Customizing entity types for your domain is the highest-impact tuning step. The default entity types are `["organization", "person", "geo", "event"]`. For a financial corpus, add `["company", "person", "financial_instrument", "regulatory_body", "metric"]`. For a technical codebase, use `["module", "function", "class", "concept", "dependency"]`. Generic entity types produce noisy extractions that degrade community quality.

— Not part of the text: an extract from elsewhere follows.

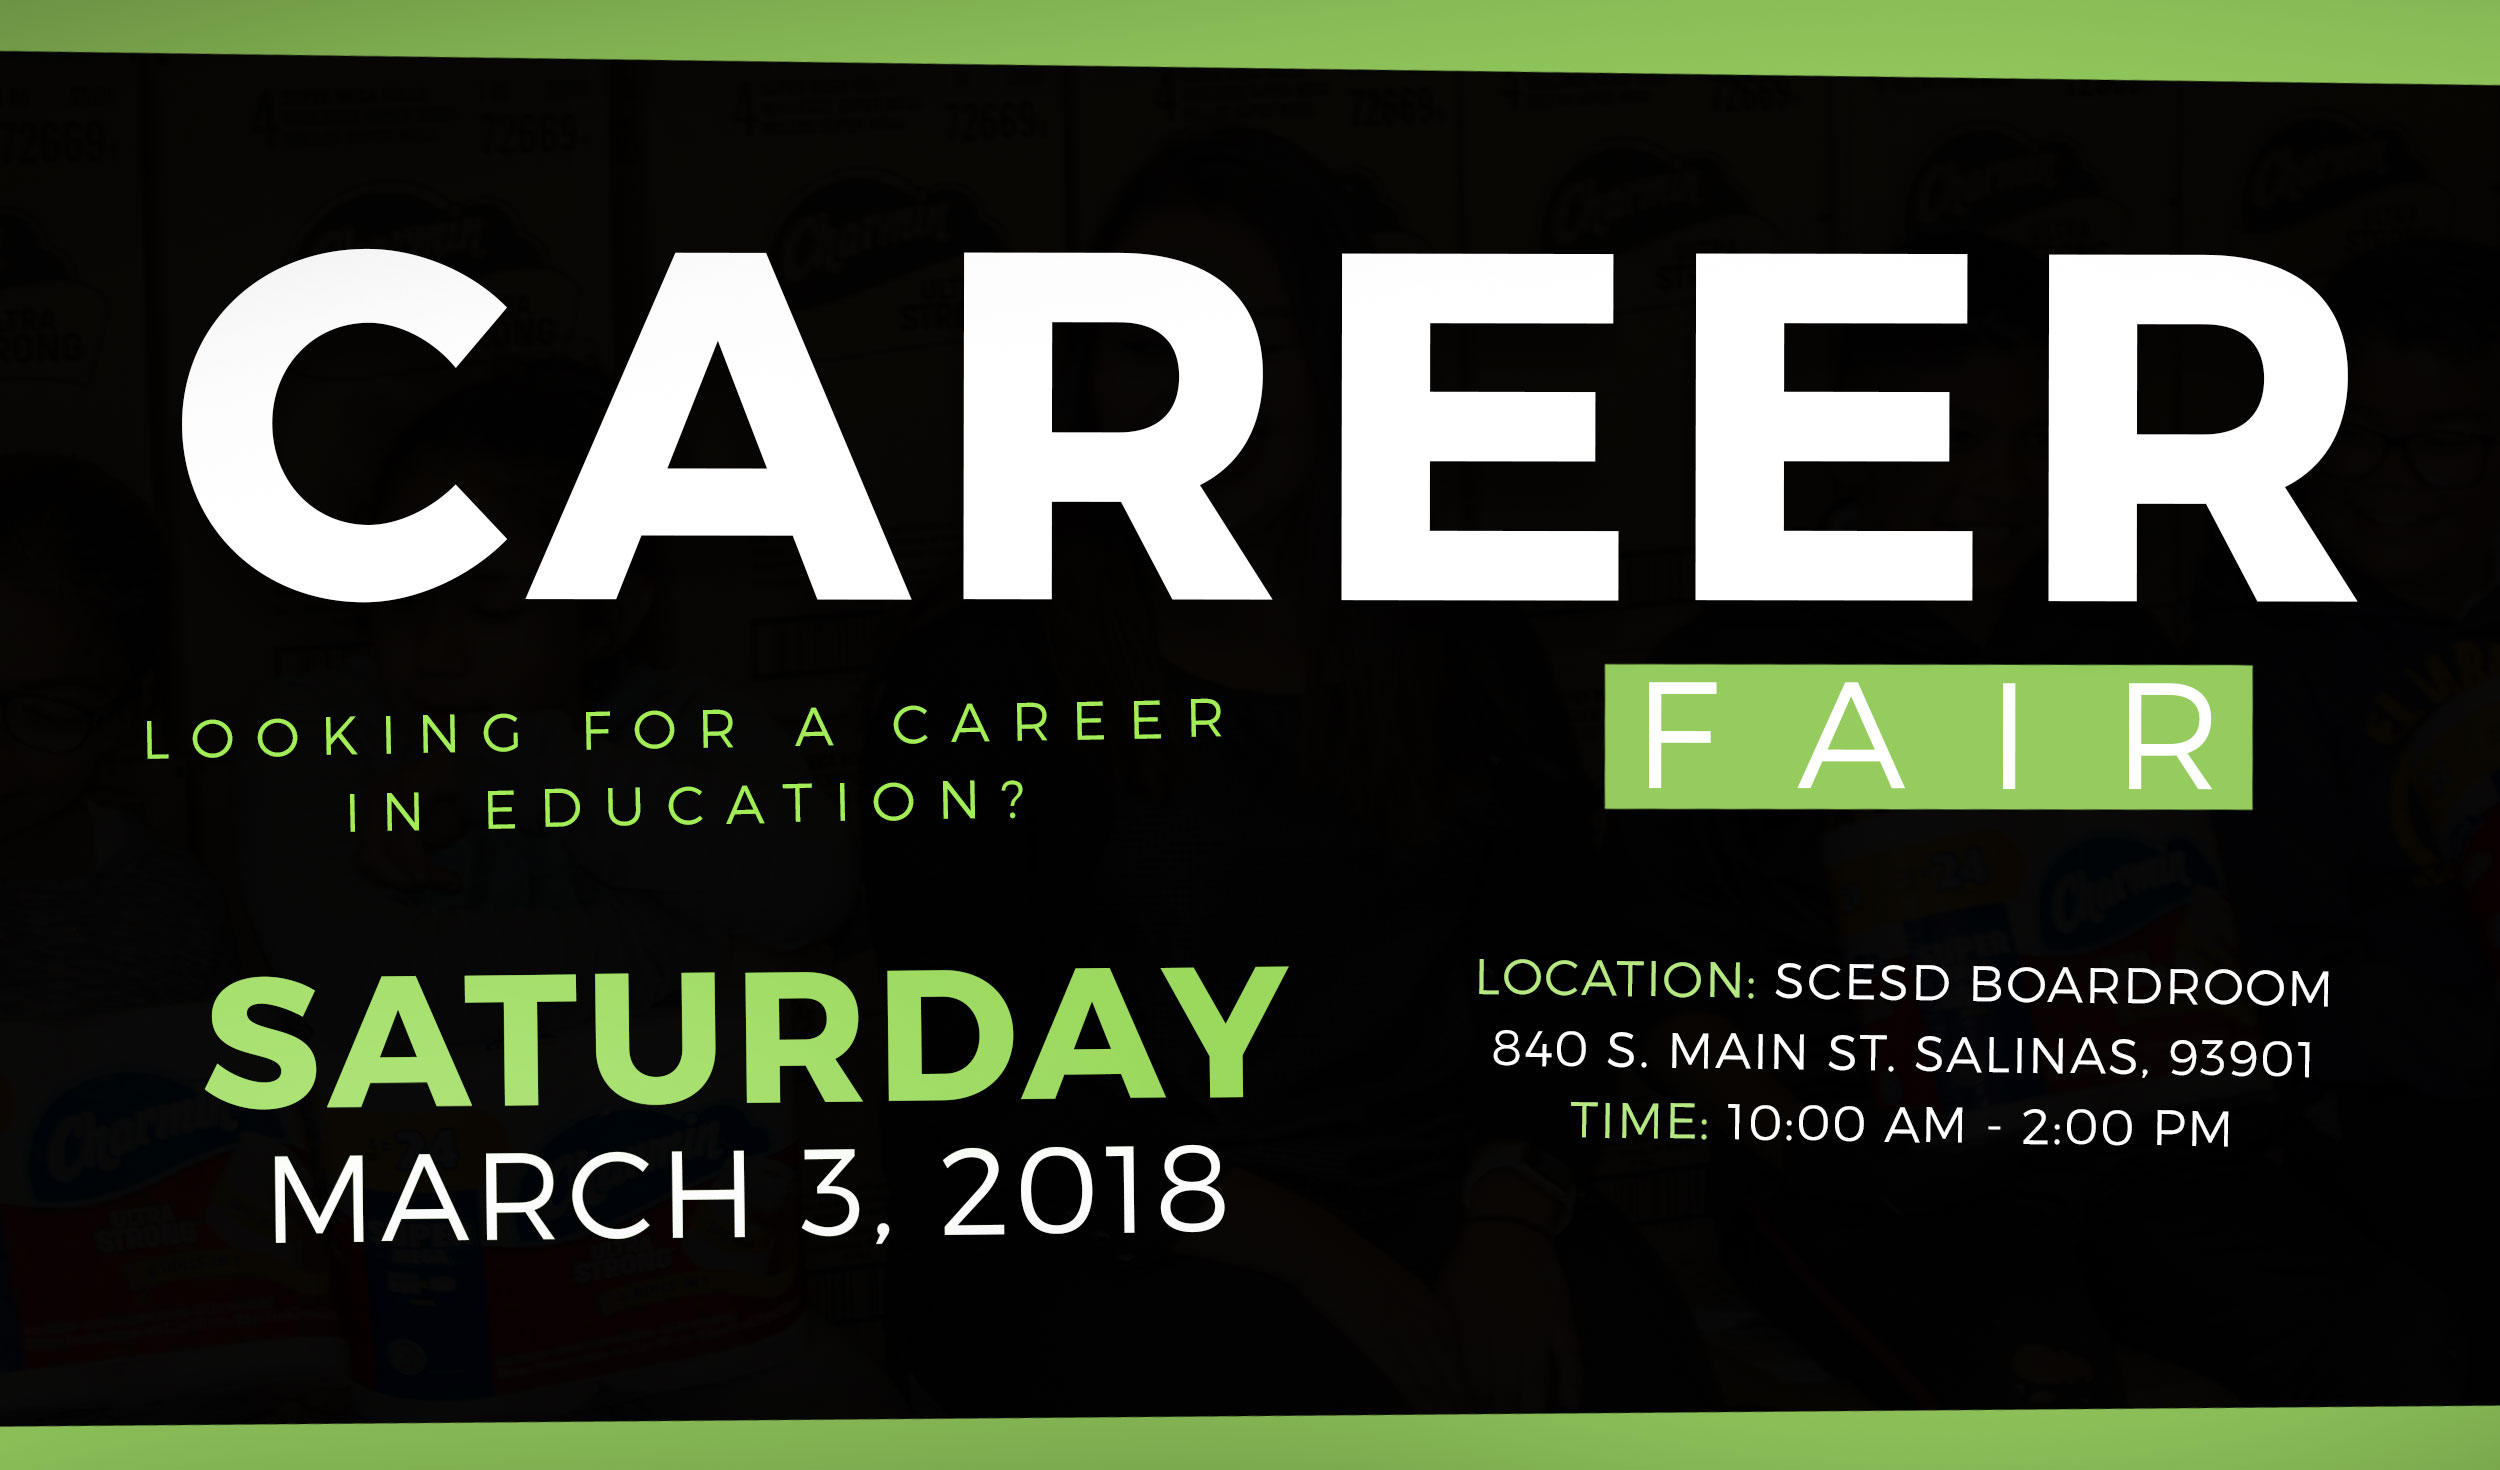 Career-Fair_Homepage-nobutton.jpg

Phase 4: Community detection with Leiden algorithm

After entity extraction, GraphRAG builds a graph where nodes are entities and edges are relationships with strength weights. Leiden community detection (Traag et al., 2019, nature.com/articles/s41598-019-41695-z) partitions this graph into communities — groups of entities that are more densely connected to each other than to the rest of the graph. Leiden is preferred over Louvain for this task because it produces communities with stronger guarantees of internal connectivity.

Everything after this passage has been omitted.